After a morning of card and gift opening, we piled into the car and headed off into the Poconos.  Saturday was a grey day of drizzle and chill winds so we focused on indoor activities.  First up was Country Junction, the general store we seem compelled to visit every time we are in the area.  It is a bizarre and entirely bonkers place and I highly recommend that you stop by should you ever be in the area.  The kids always have a blast wandering around and looking at all the weird and wonderful items of decor, popping in to watch a bit of a movie in the cinema room, pressing all the interactive buttons, collecting eggs for a treat at the end, and visiting the animals in the pet shop area – all by following the yellow brick road.  An indication of the randomness of Country Junction is the contents of my shopping trolley: I bought two non-stick loaf tins, four pots of cheap pick’n’mix and a squeaky rubber pig.  More indoor fun was had when we reached the hotel as the boys jumped and splashed around in the pool until they had built up an appetite for dinner.  There was a restaurant next door to the hotel so we did not even have to get back in the car to go out for the birthday meal.  We were all so stuffed by our main courses and salad bar visits that we did not even make it to dessert.
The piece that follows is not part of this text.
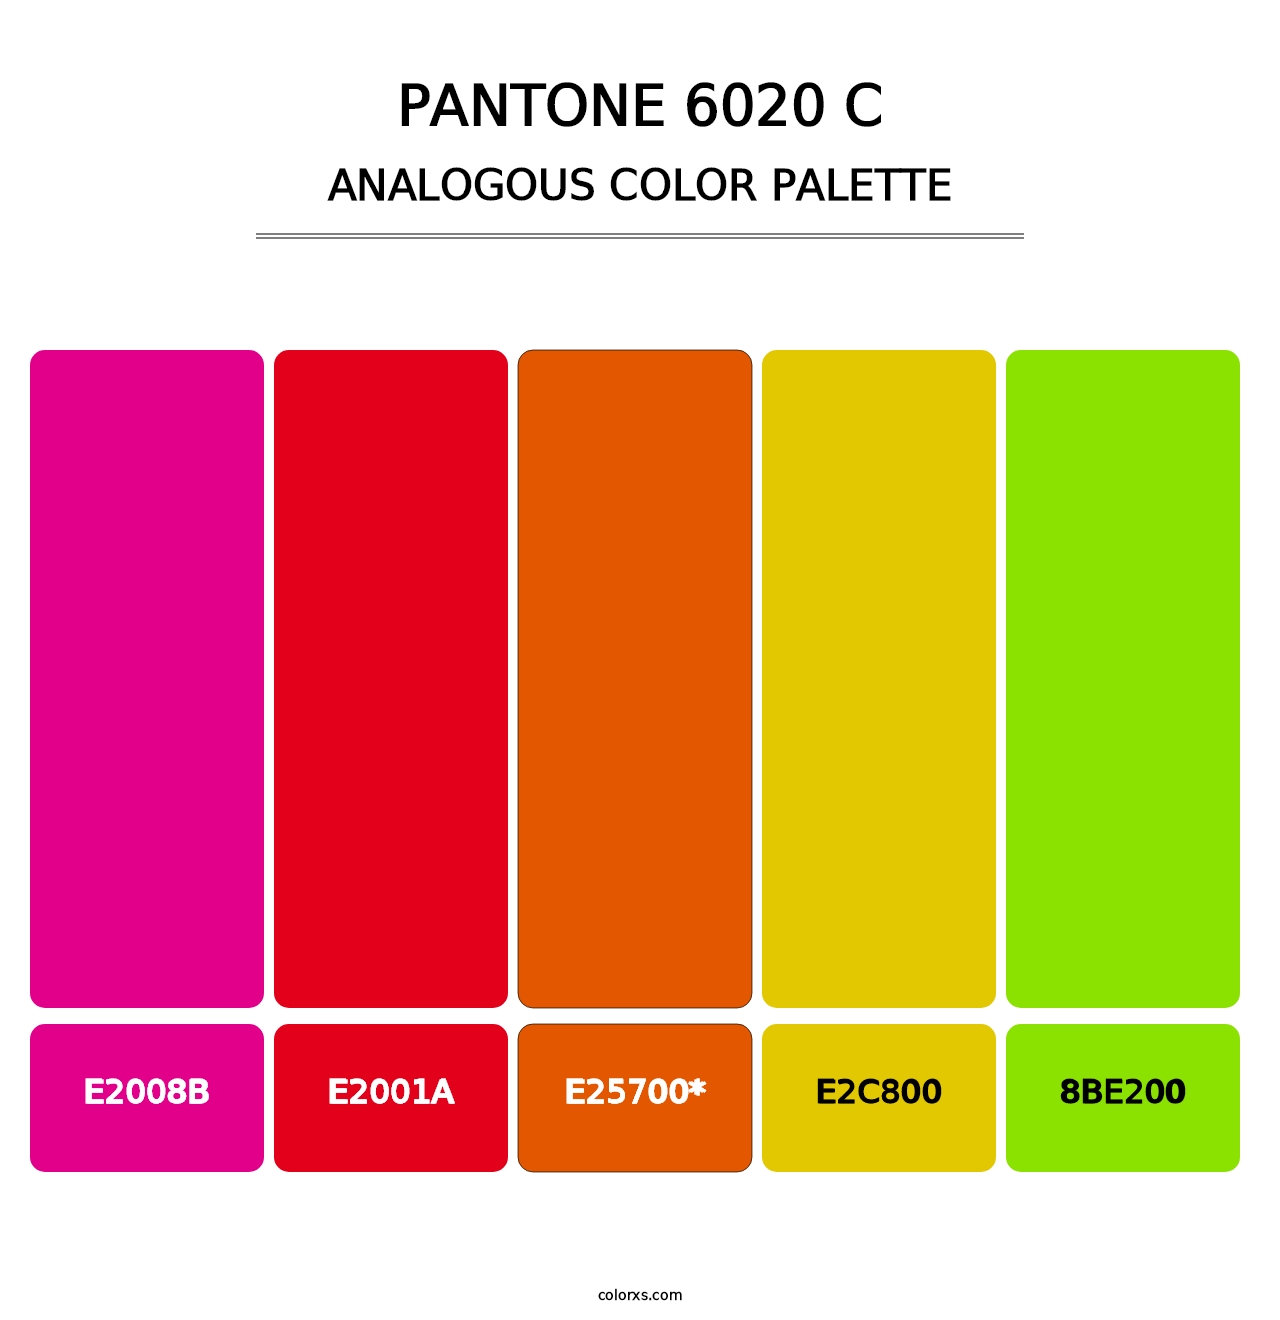 PANTONE 6020 C - Analogous Color Palette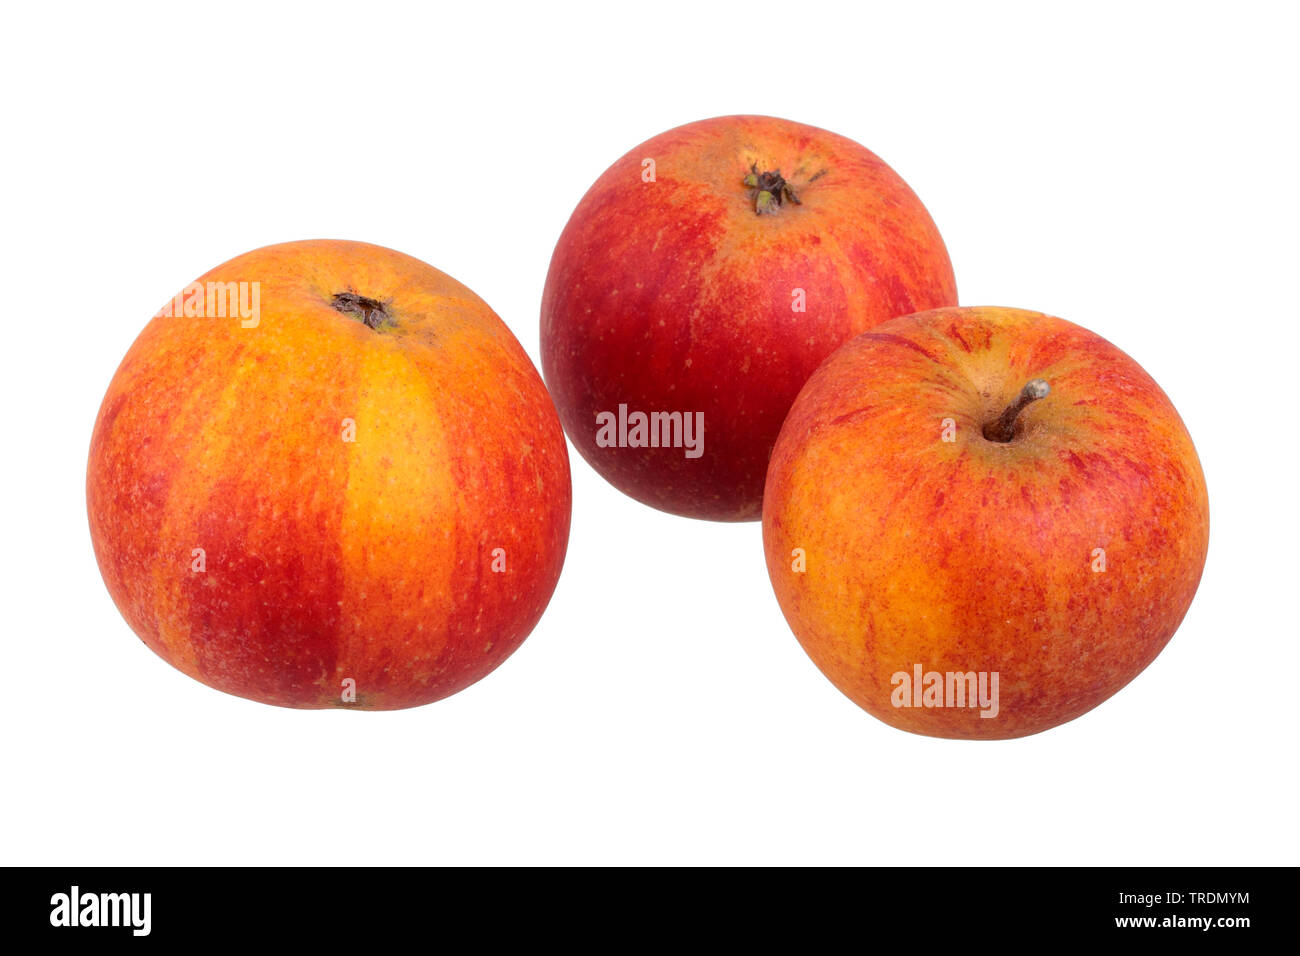 apple (Malus domestica 'Cox Orange Renette', Malus domestica Cox Orange Renette), apples of the cultivar Cox Orange Renette Stock Photo

Sunday was thankfully much brighter and warmer so we were able to take the boys for some outdoor excursions.  First up was the outdoor section of the Steamtown  rail museum in Scranton, which can be accessed via the Mall.  This is a collection – gathered by one man in the 1950s I believe – of steam locomotives, freight and passenger cars.  Mr Pict and I had visited there in April 2014 as part of a day photographing dilapidated and decayed sites but this was the boys’ first time there.  They moaned that they were not allowed to clamber onto every train and that they were not allowed to wander into the carriages but they had fun nevertheless.  They climbed onto trains, scrambled over piles of gravel, got grubby picking up lumps of coal, and raced each other while balancing on railway lines.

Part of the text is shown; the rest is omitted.